Sure, the Fed could provide "liquidity injections" to fix household balance sheets (with a little help from the Treasury)-- but it simply doesn't serve their interests.
What serves their interest is keeping the banking system afloat-- even if that means printing money, assuming very toxic assets, and subsiding poorly run entites until the cows come home. Moo.
What's interesing is that no matter that the Fed does to try to spur lending, banks are generally not doing so. Or put another way, new loans are generally not raining down on households.
The exception is "cash for clunkers", which makes as much sense as me taking an ice pick to my brain to see if I have nerve ending there.
If the market service providers can't agree on the issued capital of a company, what hope has the general public of working out the investment mathematics?
good articles; good articles 4 slow news day ..http://www..
hat tip: finance news & finance opinions
3 dollars
good articles; good articles 4 slow news day ..http://www..
hat tip: finance news & finance opinions
Americans in denial again and high on OBIUM !
Before they were high on BUSHweed !!
Great post. You highlight something very important and it is perhaps the reason why Bernanke thinks he can get away with the Fed's Project Zimbabwe. Perhaps he thinks/knows the liquidity injection and monetization won't fully impact the real economy. As of right now, it hasn't had an impact. Those of us working in finance in the real economy haven't seen much impact, if any. Other than near-zero Fed Funds, there has been no impact upon what I do and how I do it.
i am so glad i left the US - sometime one has a better perspective from abroard and whilst it is naive to deny the existence of corruption I never in my wildest dreams considered that the US taxpayer could be fleeced on such a massive scale
you touch on a very complex matter....the
american is conditioned to think of his
government as pristine purity....he is also
taught to worship power and majesty - so he
has come to admire the plutocrat...the educational
system - especially higher ed - churns out
people who believe might, credentials, and
authority make right....he is also
taught to believe everything he has heard on
tv....(anyone dumb enough to believe the
warren commission is dumb enough to be fleeced...)
the american has also been so comfy and cozy
that he has never been motivated to take an
interest in anything but himself....the actions
taken by the oligarchs are also extensions of the
socialism which he has learned in school...so it
seemed like a good fit at the time...
worst of all the american has learned to shut
up and go with flow and not to fight...it's
engrained in the educational system...especially
those in corporate settings....
the confluence of the above influences has
created strong delusion disabling critical
thought....the american generally lives in a
fantasy land where evil, corruption, and
conspiracy are things which happen to other
people and countries....the usa is so above all
that dontcha know....
i know many will strongly disagree and perhaps
you do as well but i am clearly unimpressed
with how america responded to the crisis starting
last august....i was lambasting my congressman
from day one to vote against bailouts but it
went through without even a belch - unless you
count the first failed vote a belch...
a long history of fleecing exists here going back
to 1913.....
Is there but one fair orifice, that remains undefiled by BB's tools?

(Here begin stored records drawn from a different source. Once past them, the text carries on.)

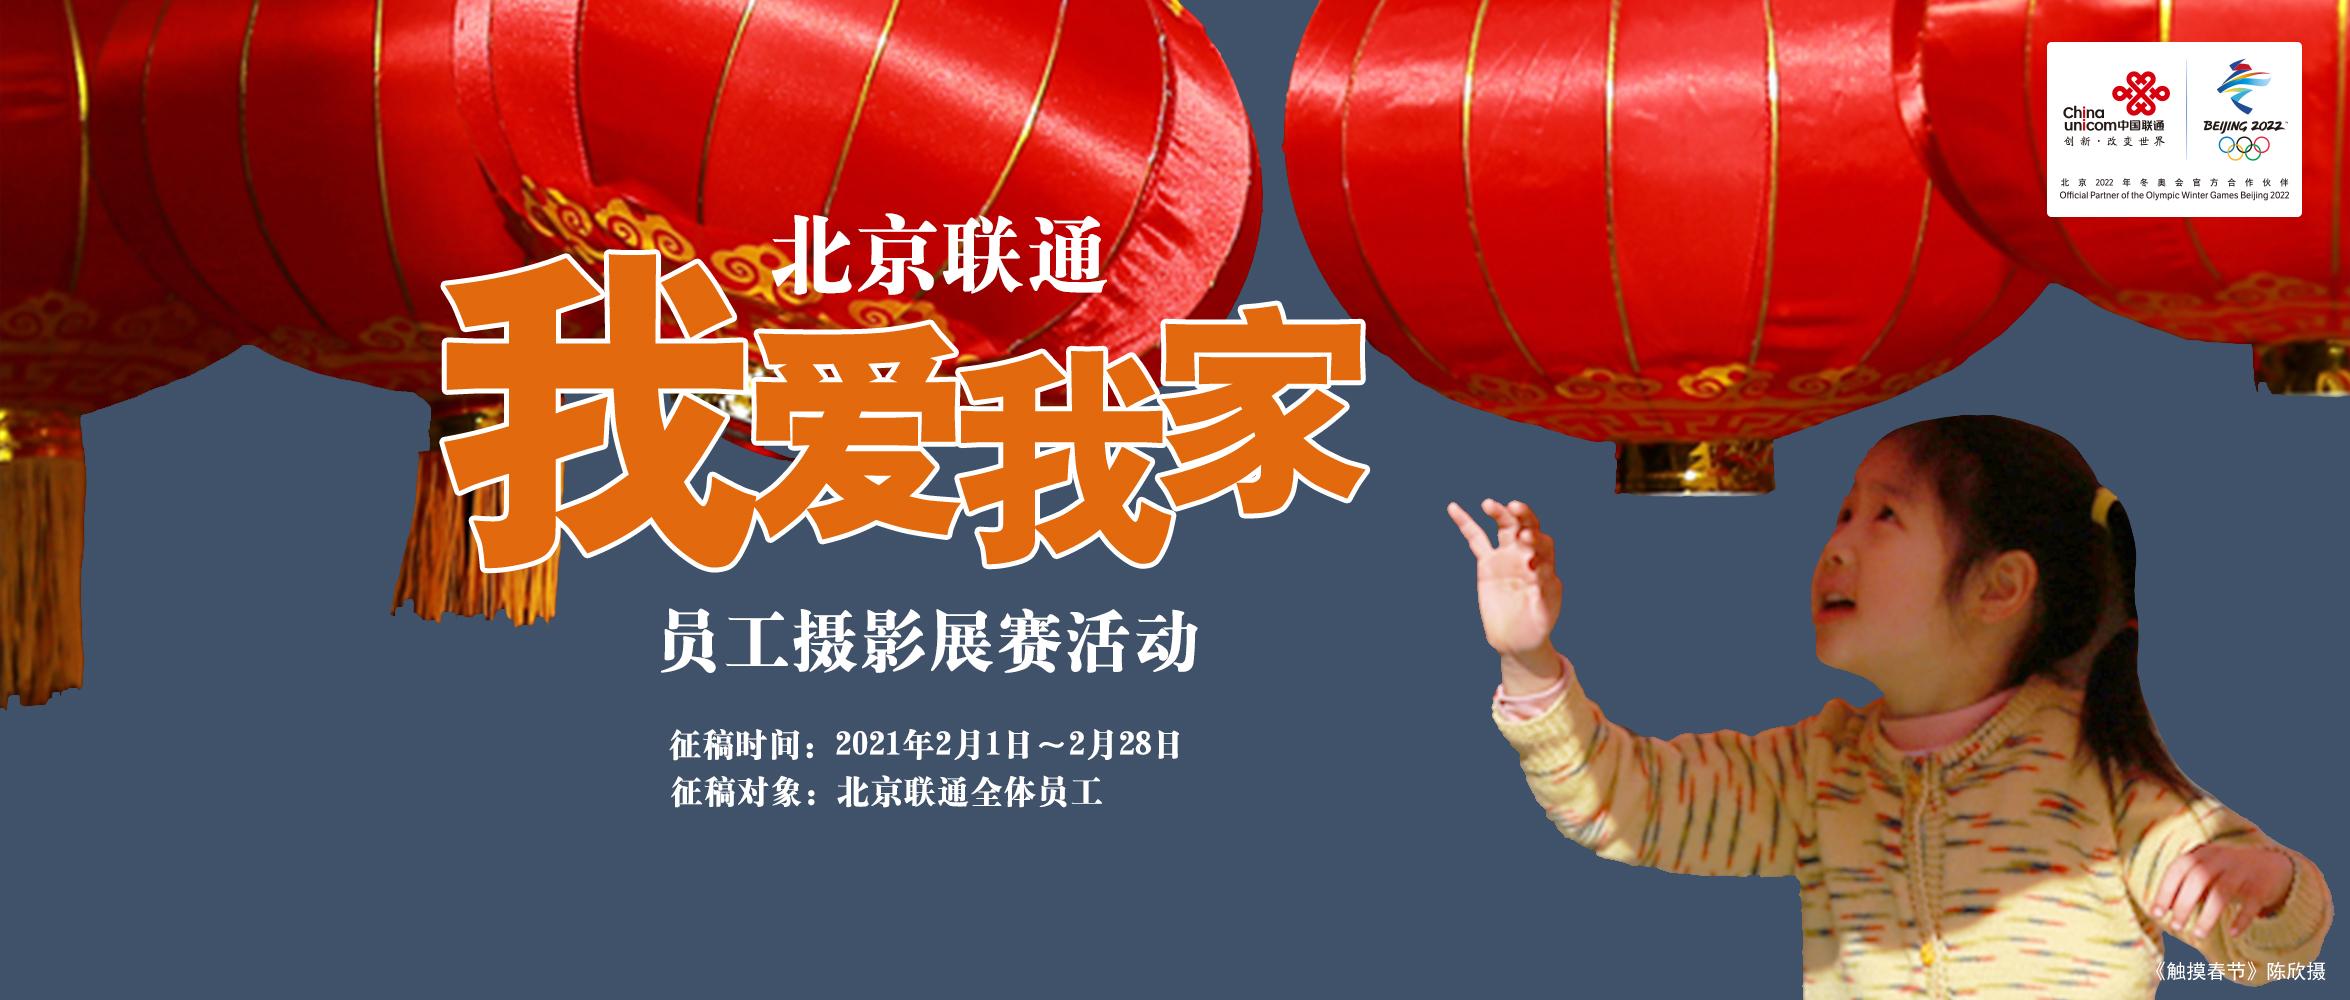 """2021北京联通""""我爱我家""""员工摄影展赛活动的2350-1000.jpg"""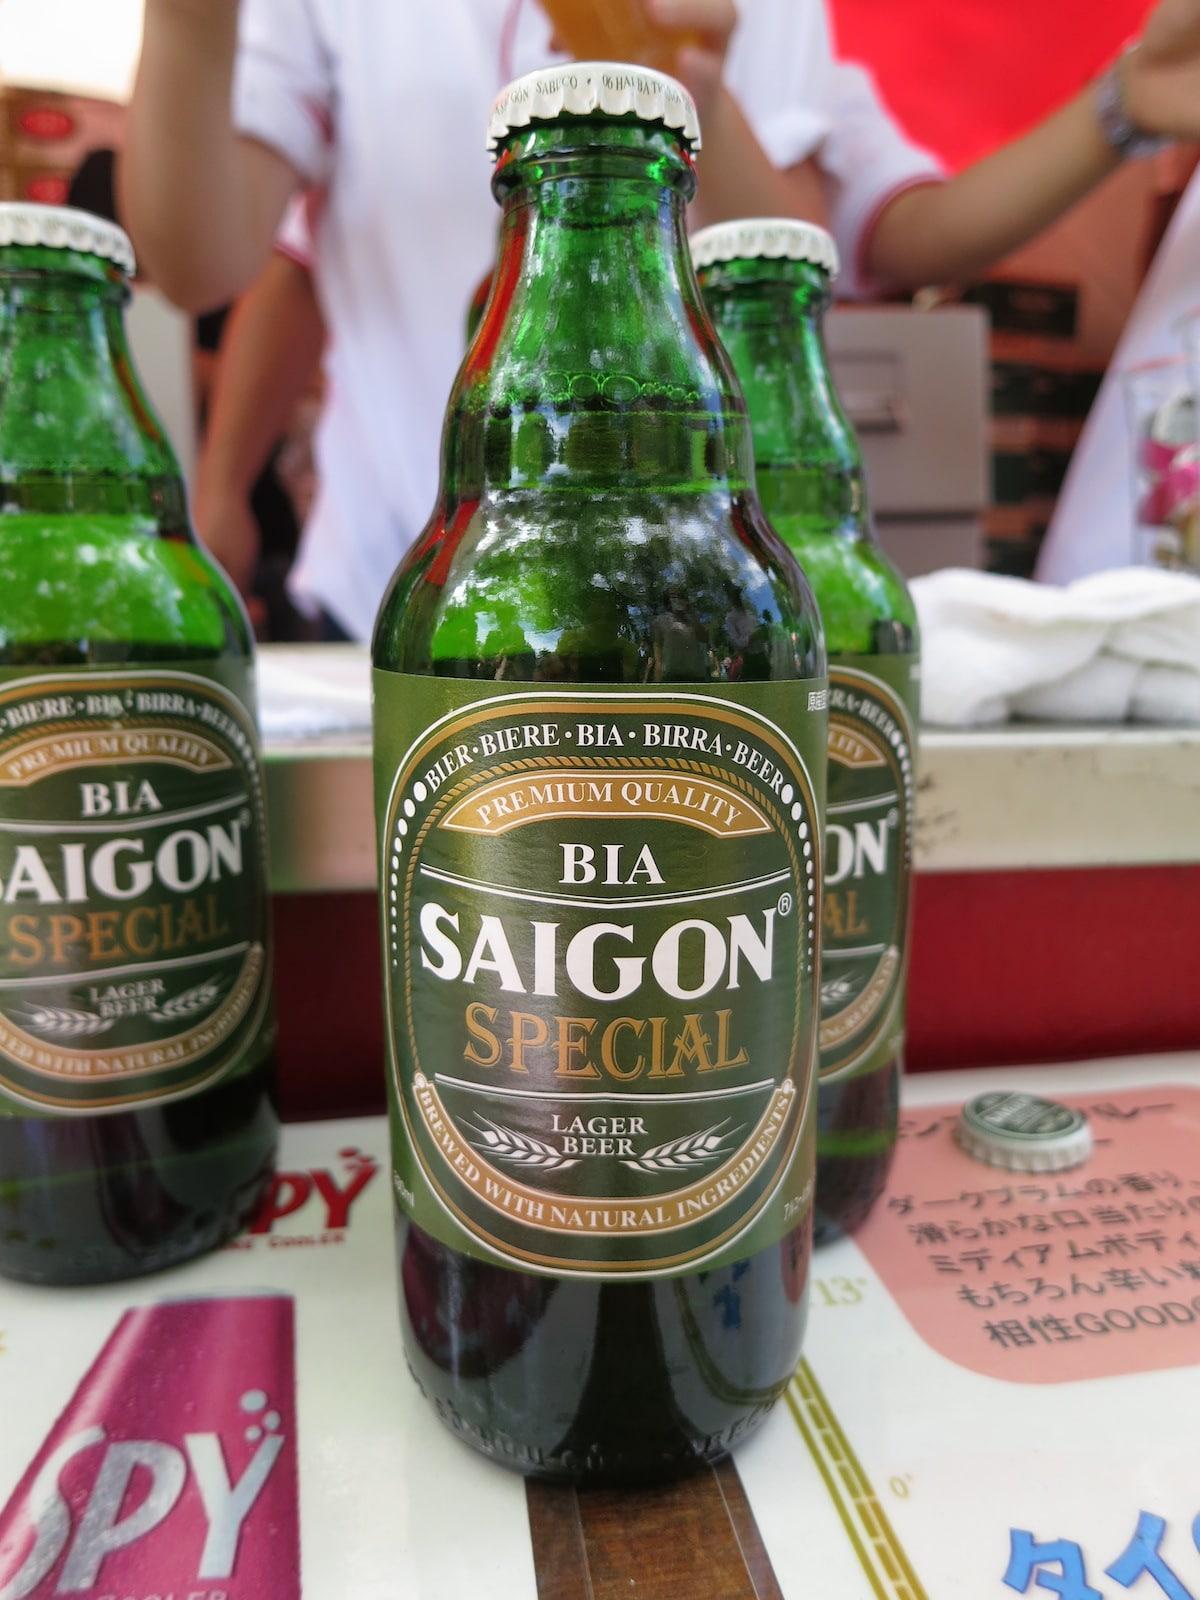 Bia Saigon Special Vietnam Beer Bottle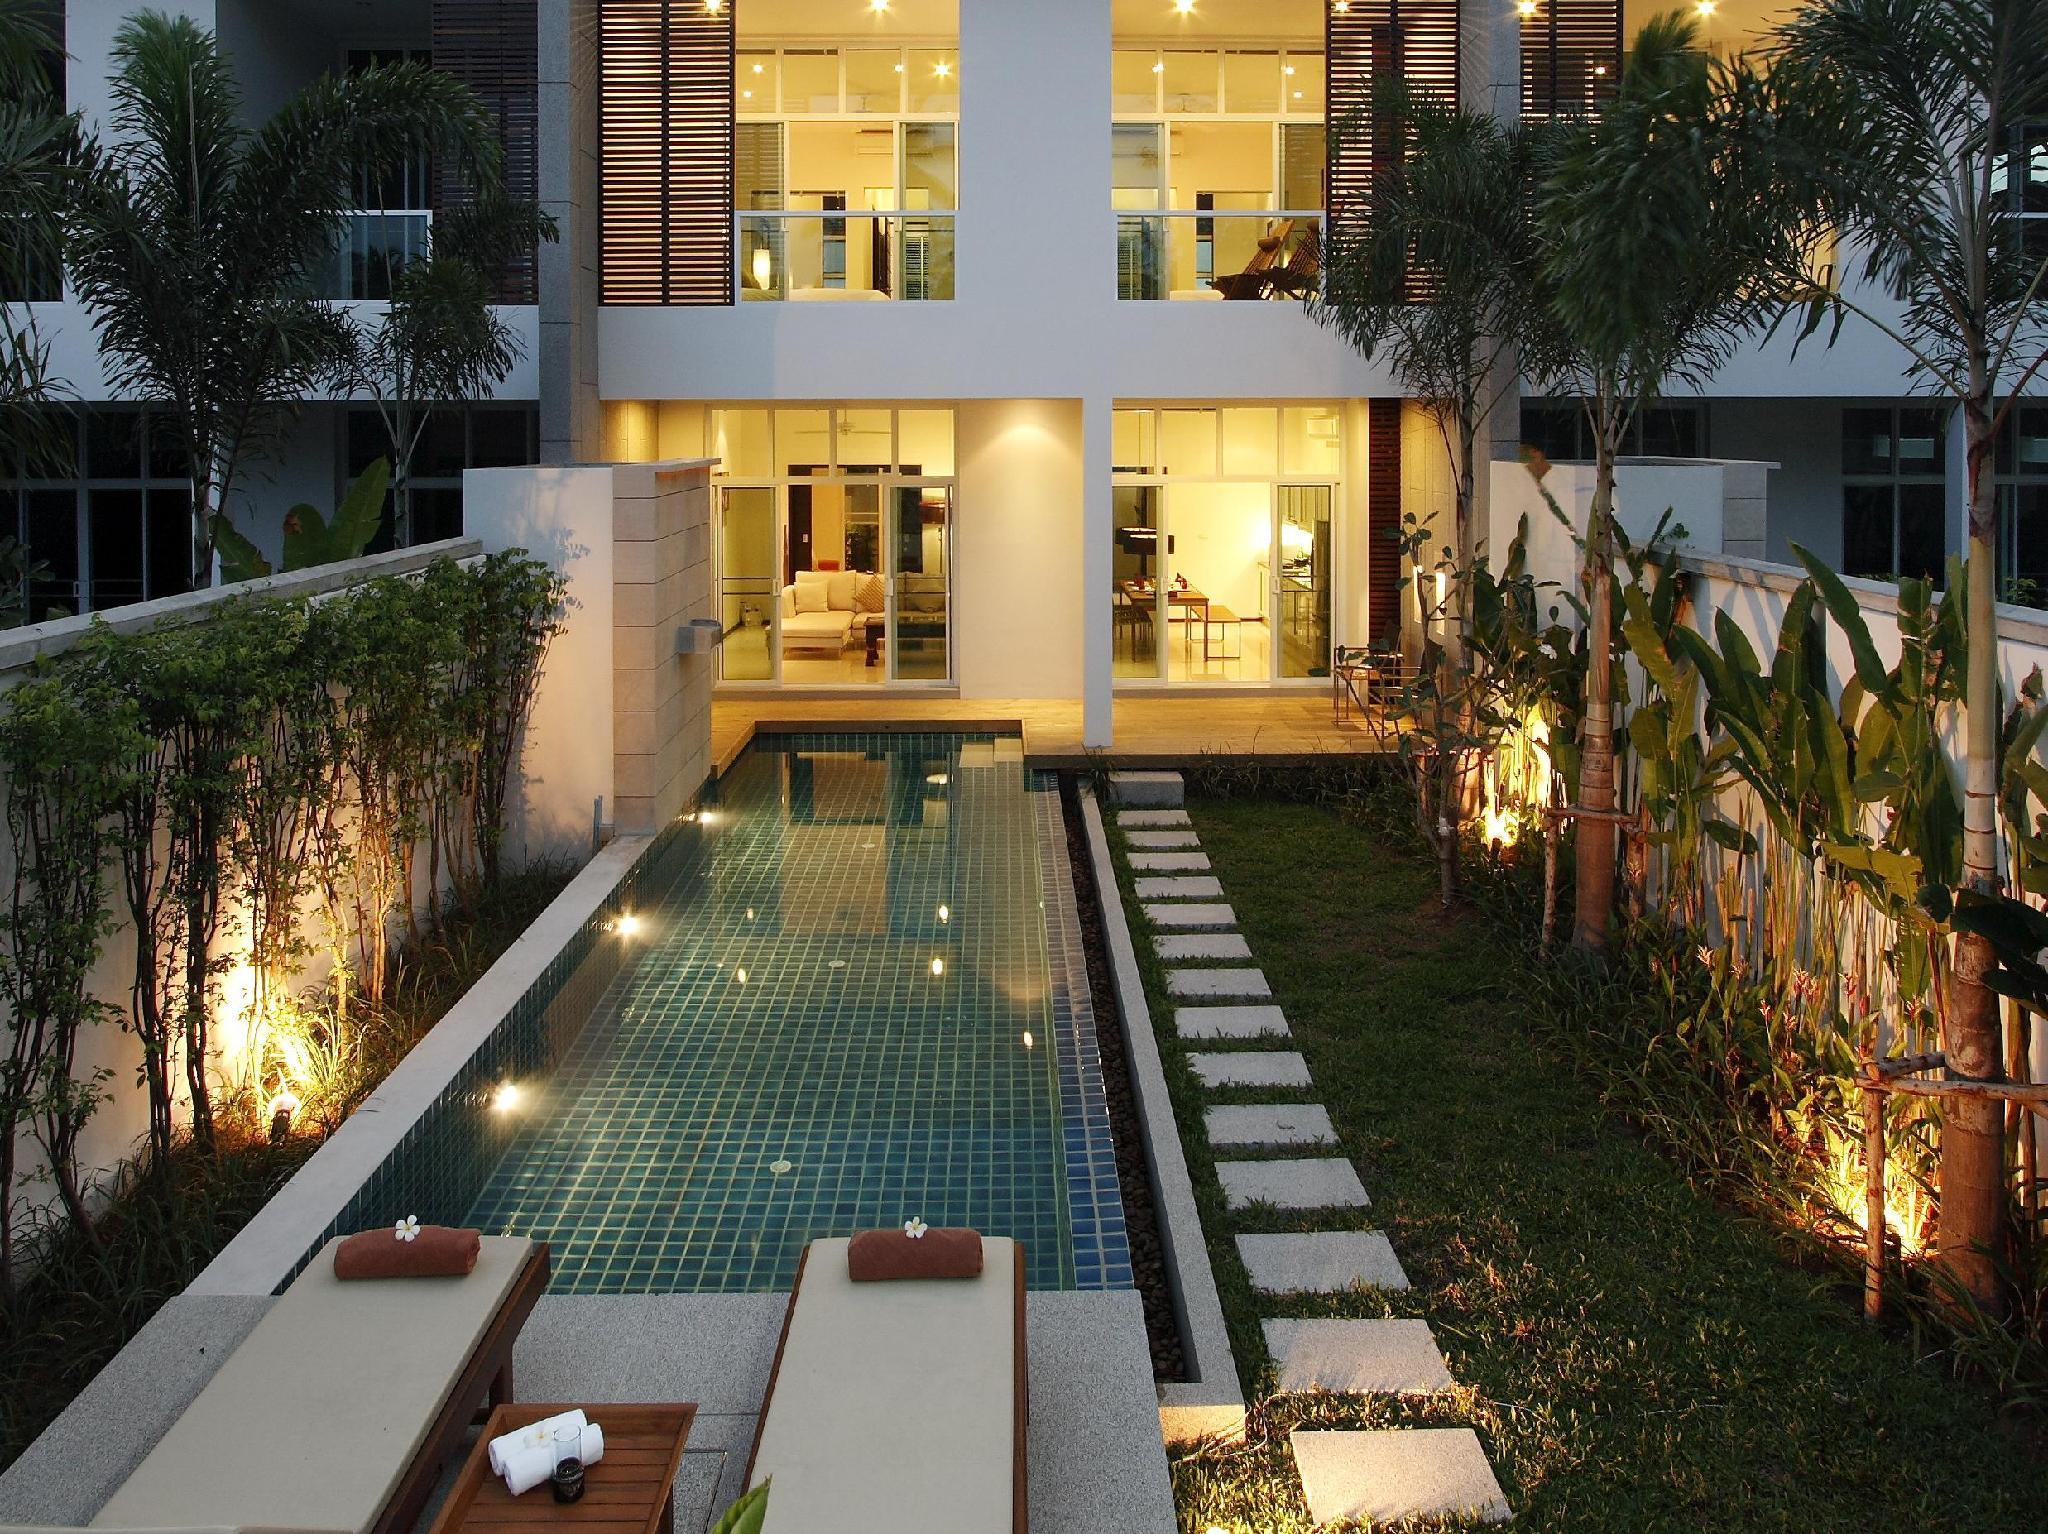 Hotell Two Villas Holiday Phuket: Oxygen Style Nai Harn Beach i Naiharn, Phuket. Klicka för att läsa mer och skicka bokningsförfrågan

i think bubble king is going to find himself busier than a 1 armed paper hanger in sept/oct....there are huge banking problems in the middle east which have very serious chance of causing major melt downs in the usa given our fragile banking situation....
no one stopped to ask by the fdic commandeered bbva to take over guaranty.....it is because there are no solvent usa banks to take on that much risk and loss....the usa banking system is in absolute shambles and no one knows it....
bubbles bernanke and sir greedscam have completely nuked the the usa economy.....it could be just desserts that bernanke was reappointed......
hell's arsiing...the 4 horsemen gallop toward the ghostrider in the sky....
Bubble Ben might somehow keep the US banking plates spinning but there is Europe, UK, Iceland, China and Real Estate etc
So many point of potential crisis - he and the other banksters have to trip up somewhere.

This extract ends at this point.